Nous sommes sortis de l’innocence. Nous avons compris que le chemin de l’enfer était pavé d’illusions humanitaires. Et quoi? Qu’allons-nous faire de ce désabusement?

Nous vivons dans une société chloroformée où l’entrée dans une carrière politique, médiatique ou universitaire équivaut à l’adoption d’un strict devoir de réserve vis-à-vis de la réalité immédiate et au renoncement de l’exercice de ses facultés intellectuelles et morales dans les situations critiques, qui sont les seules qui comptent!

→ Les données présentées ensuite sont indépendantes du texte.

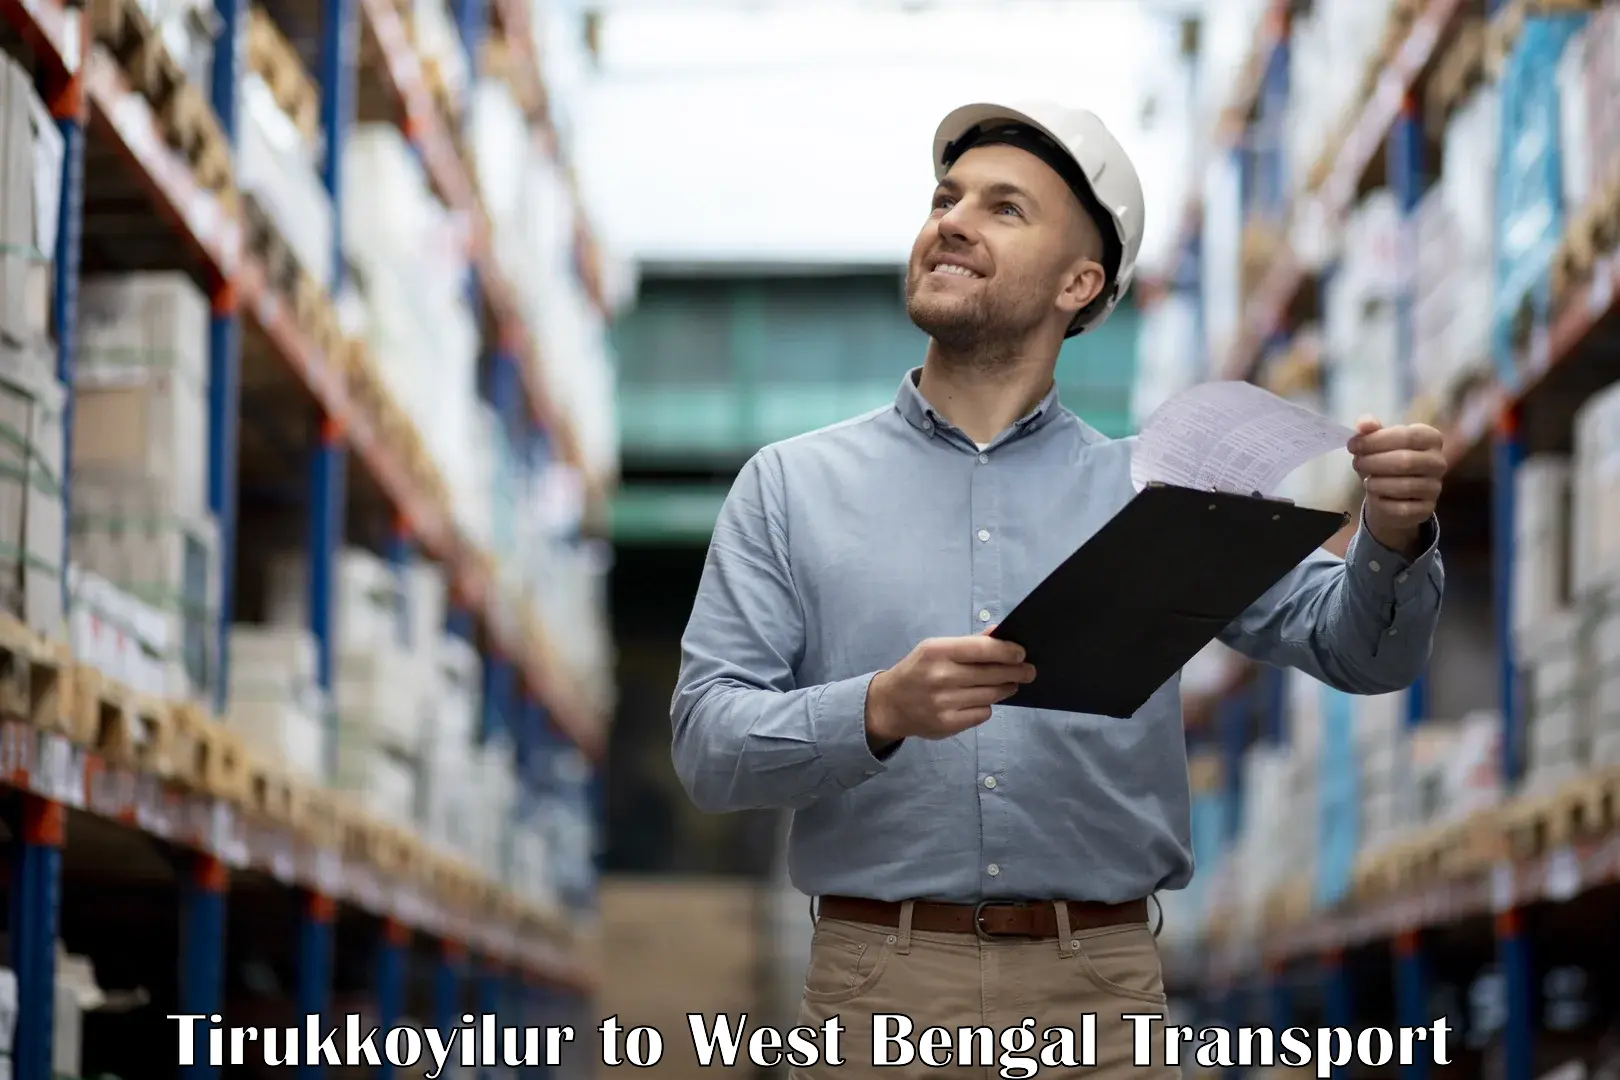 Furniture transport service Tirukkoyilur to Tarkeshwar

Qu’allons-nous faire avec de telles élites? A quoi nous servent les chaires, les chercheurs et les «observatoires» qui nous alertent sur tout, sauf sur ce qui nous concerne vraiment? A quoi nous servent des journalistes qui nous jugent plutôt que de nous instruire? A quoi nous servent des écoles où on enseigne l’ignorance? Pourquoi élire des députés s’ils doivent aussitôt devenir sourds-muets et voter comme un seul homme des lois et décrets qu’on a fabriqués pour eux?

Comment allons-nous survivre dans un monde où les outils ont déjà pris la place de leurs concepteurs? Car si le cheminement politique vers une société planétaire transparente est momentanément enrayé, son pendant scientifique, lui, suit son cours. N’impliquant ni volonté explicite, ni rhétorique, ni coercition, il passe inaperçu. Il épouse l’évolution même de la technologie, en particulier depuis la naissance de l’internet. L’outil premier de la lutte contre la normalisation idéologique du monde est aussi l’outil premier de sa normalisation culturelle et comportementale!

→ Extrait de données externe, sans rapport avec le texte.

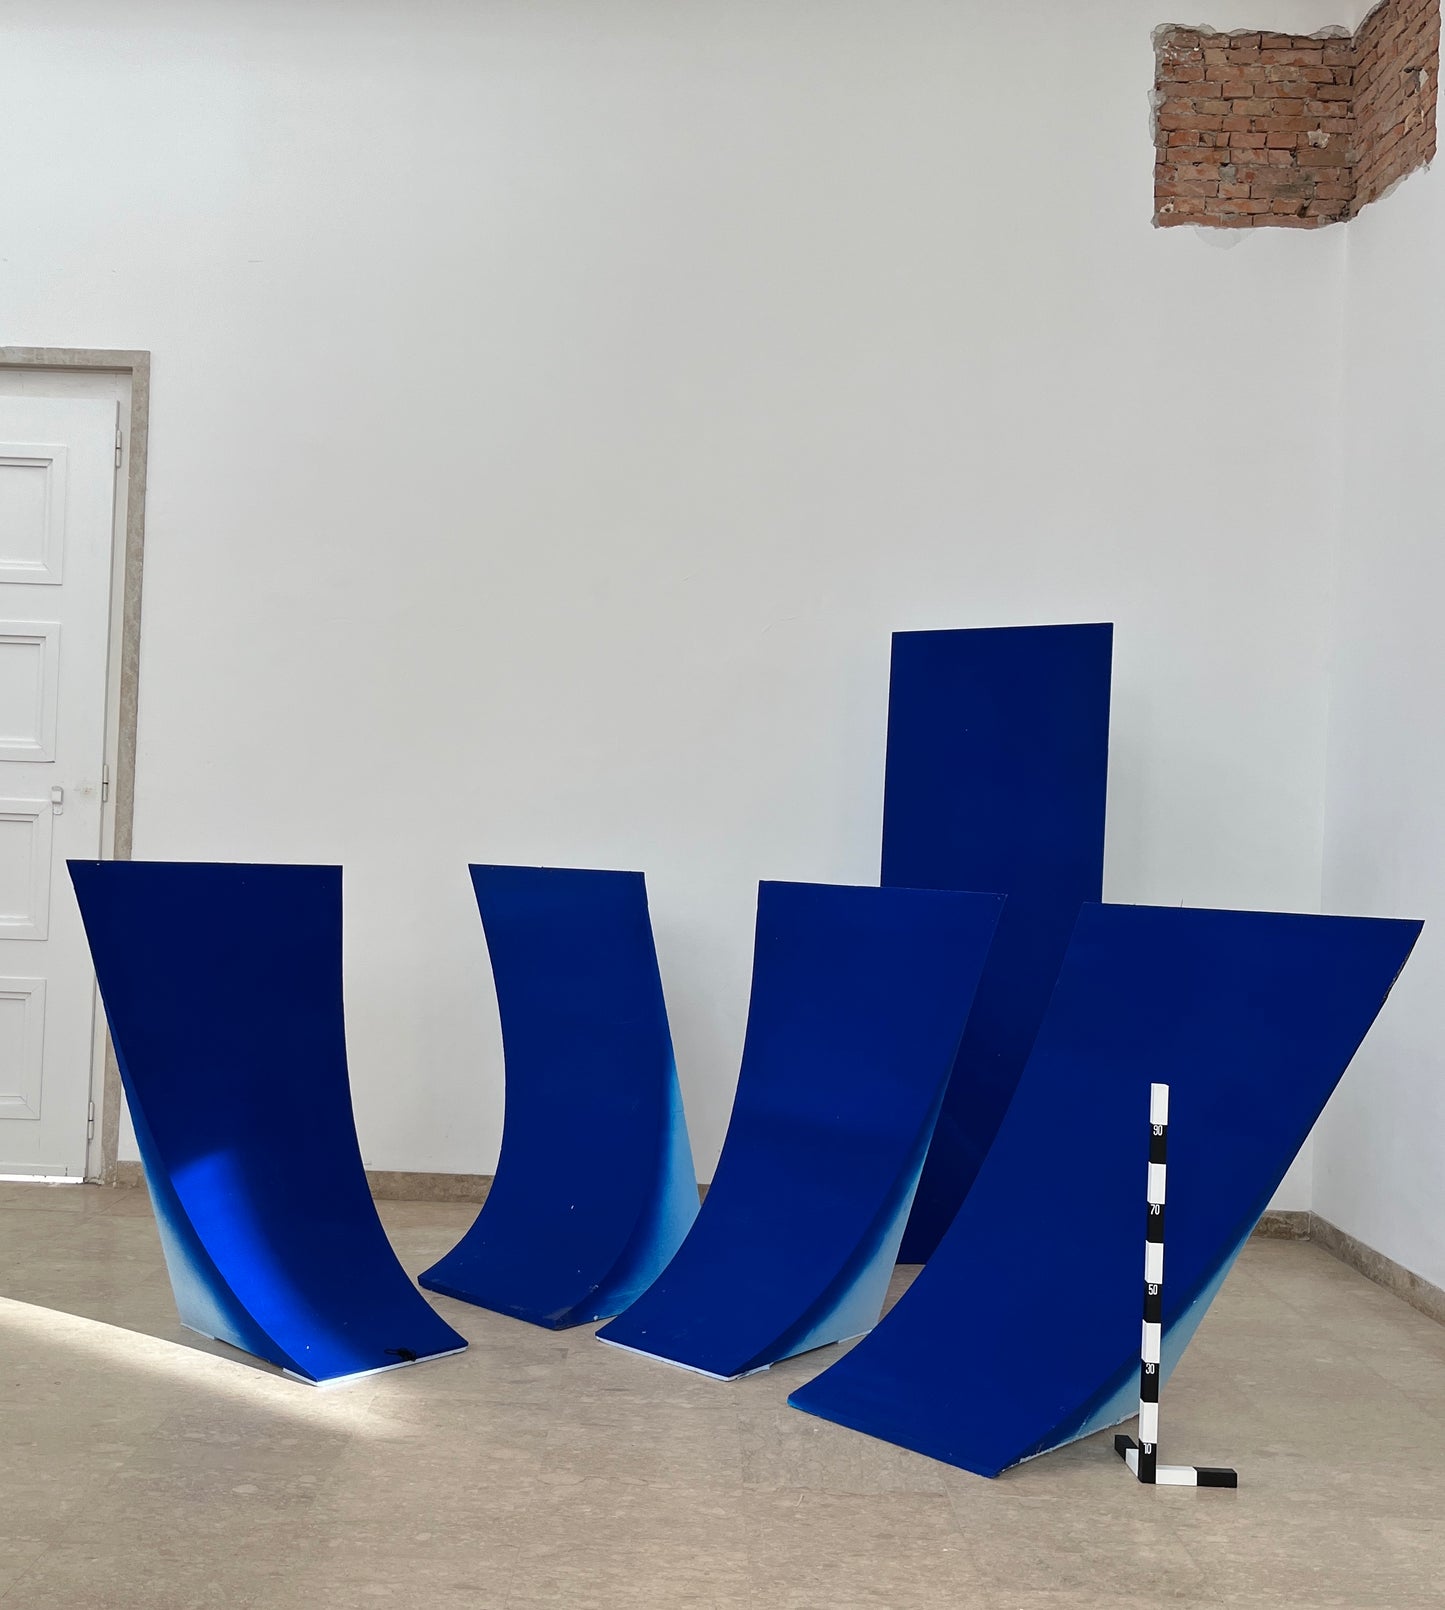 USED UP | Israeli Pavilion | Blue Polystyrene Blocks, 2.15.3

La conscience est tellement plus compliquée à endosser que l’innocence! Or nous entrons avec 2017 dans un cycle de la conscience. Le nouveau cycle qui s’ouvre devant nous est infiniment dangereux et infiniment passionnant. Nous vivions barricadés derrière des idées fausses, mais ces idées fausses sont tombées: nous voici désormais mis à nu, ouverts à tous les vents du chaos. Reconstruire des murailles avec le contraire de ces idées serait le réflexe politique naturel, or la politique, j’en suis convaincu, ne résoudra plus rien. Du moins dans sa configuration actuelle.

L’effondrement des illusions anciennes ne nous met pas en demeure d’en fabriquer de nouvelles. Ce séisme-ci est beaucoup trop profond. Si profond qu’il en est providentiel. Il nous permet d’aborder la réalité sans idées préconçues, sans convictions justement, à partir de notre seule incontestable présence au monde. Si nous voulons reconstruire le monde, nous devons d’abord nous reconstruire nous-mêmes, nous réaffirmer en tant qu’individus conscients et présents à leur propre destin.

L’Europe moderne a réalisé pleinement la sinistre prophétie de C. S. Lewis: le règne des hommes sans cœur, d’une humanité mue essentiellement par la peur et le calcul sous l’alibi de la rationalité. Les épreuves qui nous attendent dès 2017 seront un véritable bain de jouvence. Les hommes sans cœur s’effondreront, même s’ils tiennent encore tout aujourd’hui. Nous avons suffisamment de savoir et suffisamment de pouvoir. Ne nous manque plus, pour reprendre nos vies en main, que de retrouver le courage d’être ce que nous sommes.

C’est tout ce que je vous souhaite pour l’an qui vient!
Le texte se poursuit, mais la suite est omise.